The pathogenesis of polycystic ovary syndrome (PCOS) is not precisely known. There are several mechanisms that have been suggested to play a role in the pathogenesis of PCOS, including hormonal imbalance, insulin resistance, and genetic inheritance.
Polycystic ovaries are enlarged on both sides and have a smooth, thick, avascular capsule. Notably, hyperplasia of the cells surrounding the follicles can prevent the release of the egg and ovulation.
PCOS is associated with abnormal production and metabolism of hormones, such as androgens and estrogen, in the body. There are typically high levels of androgenic hormones such as testosterone, androstenedione, and dehydroepiandrosterone sulfate (DHEA-S), although there is often considerable variation among patients.
Some research has suggested that the secretion of luteinizing hormone (LH) from the anterior pituitary gland increases the stimulatory effect on the ovarian theca cells and may lead to the raised levels of androgenic hormones and irregular or absent ovulation. The level of follicle stimulating hormone (FSH) is reduced with respect to LH, which reduces the reaction to aromatize the androgen hormones to estrogen. As a result, there is less estrogen available and ovulation may not be able to occur.

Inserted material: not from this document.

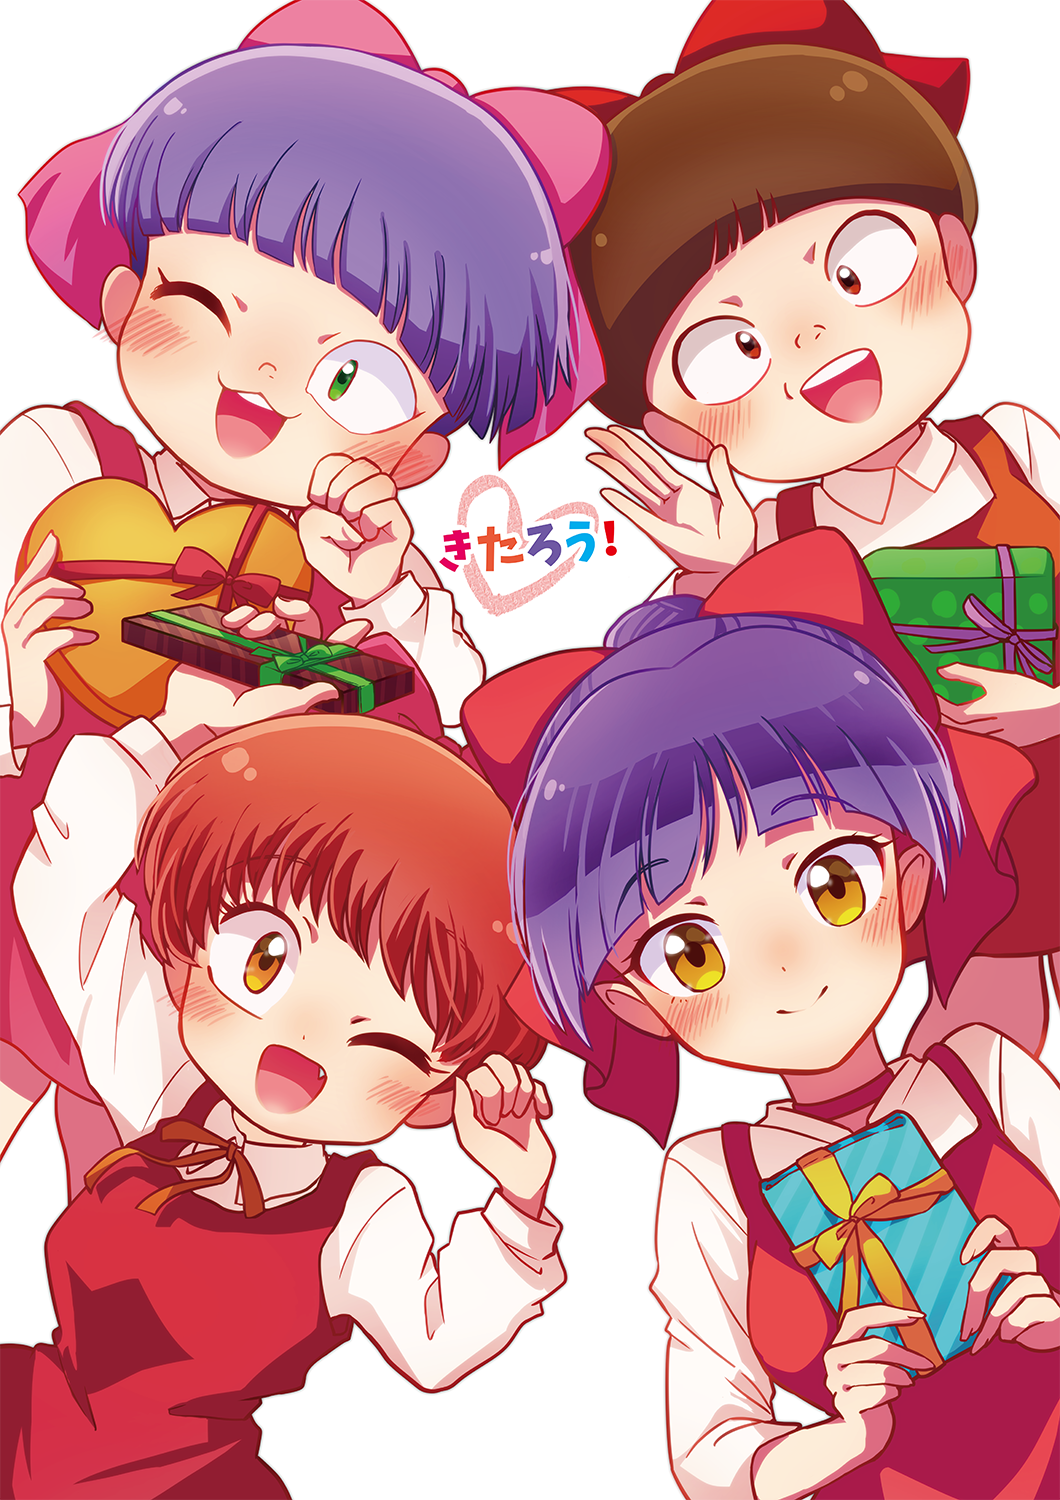 4girls ;d bangs blush bow brown_hair choker closed_mouth commentary_request eyebrows_visible_through_hair fang gegege_no_kitarou gift green_eyes hair_bow highres himeno_ktnk holding holding_gift long_sleeves looking_at_viewer multiple_girls nekomusume nekomusume_(gegege_no_kitarou_3) nekomusume_(gegege_no_kitarou_4) nekomusume_(gegege_no_kitarou_5) nekomusume_(gegege_no_kitarou_6) one_eye_closed open_mouth pink_bow purple_hair red_bow red_choker red_eyes red_hair short_hair simple_background smile valentine white_background yellow_eyes

Some research has also linked the CYP450 C17 enzyme to PCOS as the rate-limiting step for the synthesis of androgenic hormones such as testosterone in the body. Although further research is needed to support this, abnormalities in this enzyme or the presence of other substances that inhibit or induce this enzyme may be involved in the pathogenesis of PCOS.
There is a strong correlation between PCOS and resistance to insulin the body. This may be secondary to an abnormality in the binding to the insulin receptors, resulting in changes in the signaling pathways. It has been suggested that the raised levels of insulin alter the effect of gonadotropins and the function of the ovaries, leading to PCOS.
Specifically, the excess insulin may cause the ovaries to produce more testosterone and alter the development of follicles needed for ovulation to take place. Ovulation may be inhibited or delayed as a result, leading to PCOS.
The effect of insulin resistance in the pathogenesis of PCOS is amplified when a woman is overweight or obese. The excess fat can worsen the resistance to insulin and, therefore, lead to more severe symptoms associated with the condition.
Another hormone called adiponectin that is involved in the control of lipid and glucose levels in the blood might also play a role in the pathogenesis of the condition. Higher concentrations of this hormone are usually evident in women affected by PCOS.
Research investigating a genetic link to the pathogenesis of PCOS has suggested an autosomal dominant pattern of inheritance in families with a history of the condition. Fathers may be carriers of the genetic abnormality and may display some characteristics of PCOS, such as excessive hair growth.
Some studies have investigated the role of regulatory genes of the CYP17, CYP19, FST, and INSR enzymes in association with PCOS. Of these, there may be susceptibility in the INSR gene, although the research is not sufficient to claim that in may cause the condition. Other studies have investigated other genes, such as PON1 and IGF2. However, it remains unclear which specific gene mutation may cause PCOS in women.